TUCKER, GA – CREC Real Estate announced it has partnered with McDowell Properties to buy Somerset at the Crossings Apartments, a 264-unit, Class-B, multifamily community located in the northeast Atlanta suburb of Tucker, Georgia. Terms of the transaction were not told.
Built in 1987, the property, which consists of 28 two-tale buildings and features 1, 2, and 3-bedroom apartments, was over 98% occupied at the time of acquisition. CREC and McDowell intend to make value-add improvements, similar in scale to those completed at nearby properties, including amenity upgrades, common-area beautification, and unit-interior remodels. The interior improvements will involve upgrades such as stainless-steel appliances, washer and dryer installations, and new cabinets.

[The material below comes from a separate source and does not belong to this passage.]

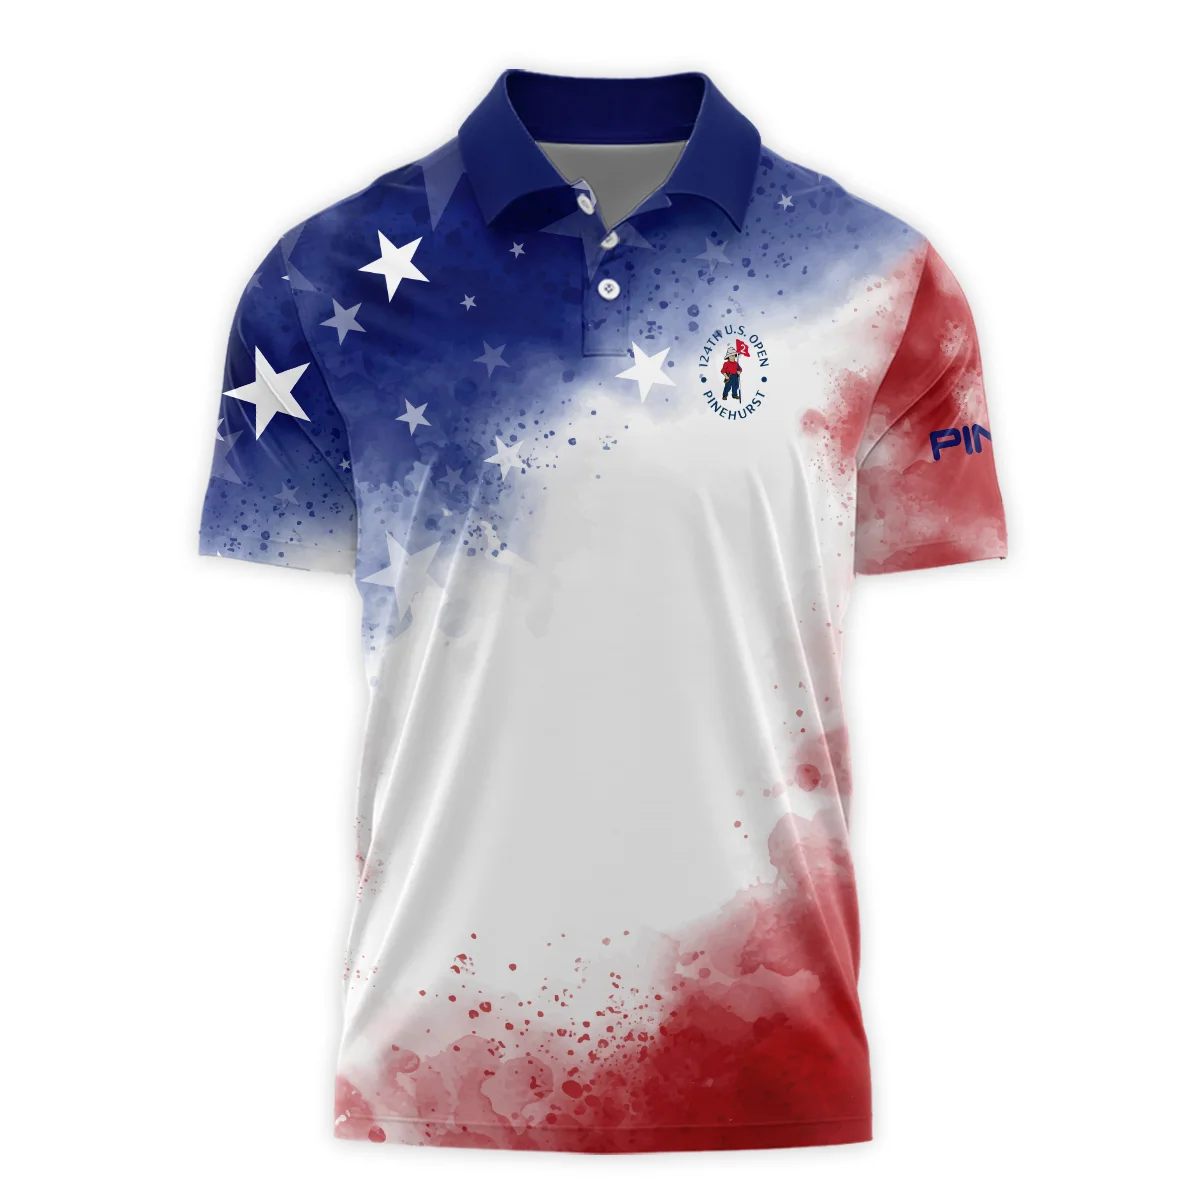 124th U.S. Open Pinehurst Ping Blue Red Watercolor Star White Backgound Polo Shirt Mandarin Collar Polo Shirt

“Somerset represents our second acquisition within the Atlanta metro over the past 12 months and a fantastic addition to our value-add investment platform, which has experienced in excess of $200 million of transaction volume over the past year and a half,” said Joe Bergman, Senior Vice President of Acquisitions at CREC. “Like many of CREC’s previous acquisitions, our strategy at Somerset is to enhance the marketability of the property through targeted capital improvements, which we believe will be well received by existing and prospective residents and supported by the demographics of the area. Tucker and the greater Atlanta metro, in general, continue to experience strong job and population growth, which we believe will continue to increase the demand for high-quality rental housing.”
Located at 100 Summerwalk Parkway, the complex is 17 miles northeast of Atlanta, straddling the border of Gwinnett and DeKalb counties. The two counties combined have experienced 34% population growth over the past two decades, and the Atlanta metro was ranked by RealPage as the national leader for apartment demand over the 12 months ending in March 2021. Somerset is in close proximity to employment centers, retail destinations, and entertainment venues, including the North Royal Atlanta Business Park and downtown Tucker, a destination for boutique shops and eateries.